By Ed Carroll, Agilis Solutions

“We have it in our power to begin the world over again!”
-Thomas Payne

500 years from now, historians will look back and call this period a time of (digital) revolution. Those are the views of Bill Hill, director of advanced reading technologies at Microsoft, who spoke at the InnoTech/SAO:EDGE dinner event on April 24, 2007.

According to Hill, even in today’s world – where all data is going digital, printed newspapers are going out of business, and YouTube is seriously challenging Hollywood – “‘reading’ is still our dominant means of communication.” Digitalizing data changes the consumption of information that is bigger than the impact felt from the Gutenberg press – “This is a global revolution.” It is estimated that the average American spends 50% of his/her time in front of a computer reading.

With that kind of usage in mind, Hill says that Microsoft does not consider Internet Explorer simply a ‘browser’; rather, to Microsoft, IE is a ‘reader’ – a connection tool that interconnects everyone to potentially everyone. And like revolutions of the past, this one reflects a lot of chaos, filled with bandits, conmen and charlatans – in essence, a frontier. Also like revolutionary/frontier times, not everything is worked out, and no one has all the answers. For example, a single solution does not exist; Microsoft only does software (and certainly does not have all of the bugs worked out), and hardware is limited to refresh rates of dots per square inch, power consumption, battery life, operating temperature and unit weight.
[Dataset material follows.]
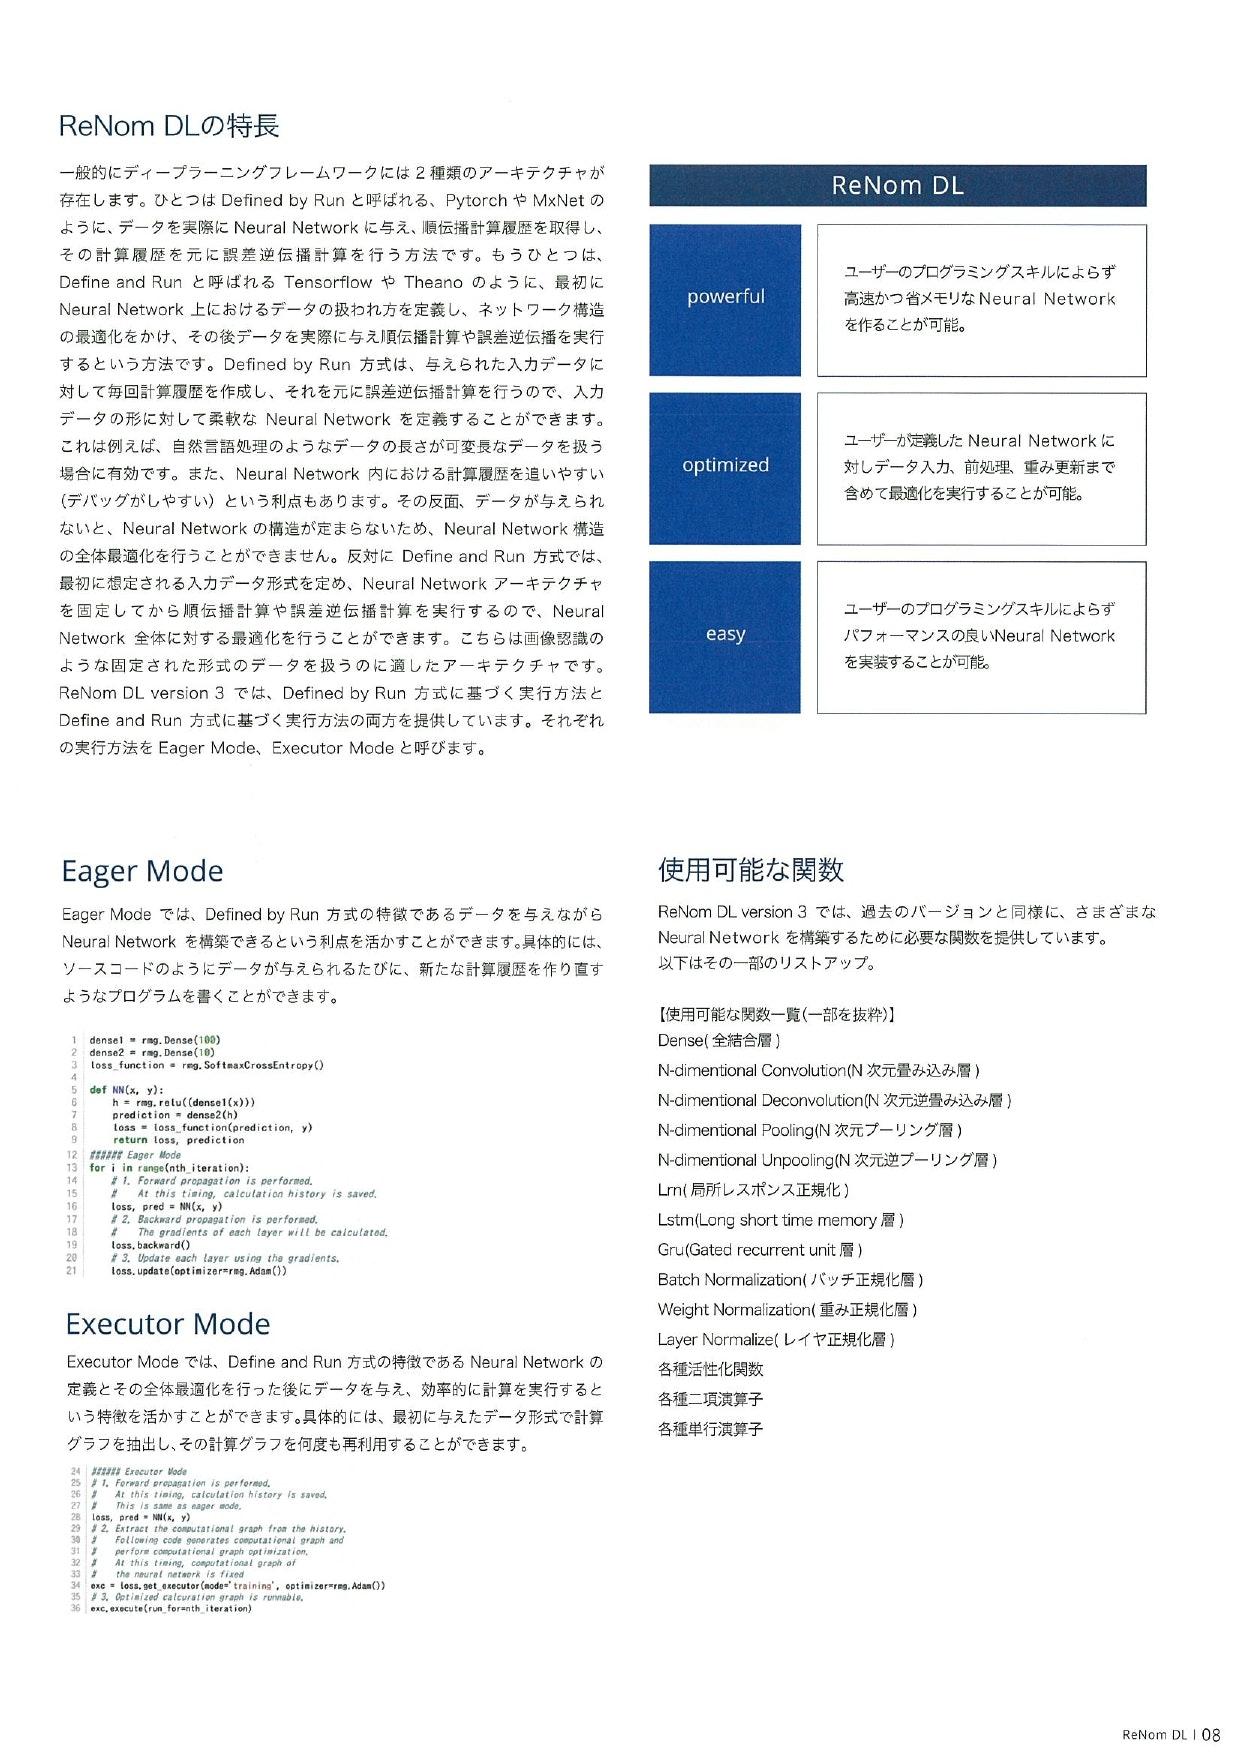 20190404155650_page-0023.jpg

A lot has been learned in this revolution so far, although there is still a long way to go. Remember the ‘ebook’? Hill labeled this attempt to replace a lightweight paperback book with a cumbersome small screen reader as “a huge success.” This is due to the volumes of learning that occurred from the experiment, such as how people read and interact with their reading device. For example, humans have a 207° field of vision, but once we think something is important, we bring that item into a much narrower center of attention. Once an object (say a book, page or screen) is in our center of attention, we become a high-speed scanner where 11-point font is the optimal reading size and 55-60 characters per line prevents the need for the head to turn.

Hill’s presentation was fast and packed with a lot of fascinating information. To view the complete presentation, please click here.

About the presenter
Bill Hill (director of advanced reading technologies, Microsoft Corporation) created a new group at Microsoft called Advanced Reading Technologies to research and develop innovations that improve the readability of text on computer screens. Reading from the screen has become important enough to the company that Bill Gates has made improving it one of his personal top-5 priorities.

Hill was born in Glasgow, Scotland at the close of the 1940s, in the tenement slums of the city's East End (most of which have since been bulldozed out of existence). The biggest single event in his life was learning to read at the age of 3. “I started reading for several hours a day, and I've never stopped since,” Hill said.

In the early 1980s, Hill became interested in computers which led to a successful freelance career writing about the emerging personal computer technology. Contacts with a leading United Kingdom company led Hill to become one of the five founding employees of Aldus Corporation's European operations in 1986. The company was taken over by Adobe Systems in 1994, at which time Hill was approached by Microsoft Corp. in Redmond, Wash., and was offered the job of running the company's typography group.

“I came to Microsoft because I believed it was the one company in the world that was capable of enabling the transition from reading on paper to reading on the screen. I'd read Bill Gates' famous 'Information at Your Fingertips' address at COMDEX in 1990. I still have the original, with passages I marked with a highlighter pen. I keep it pinned to the wall in my office.”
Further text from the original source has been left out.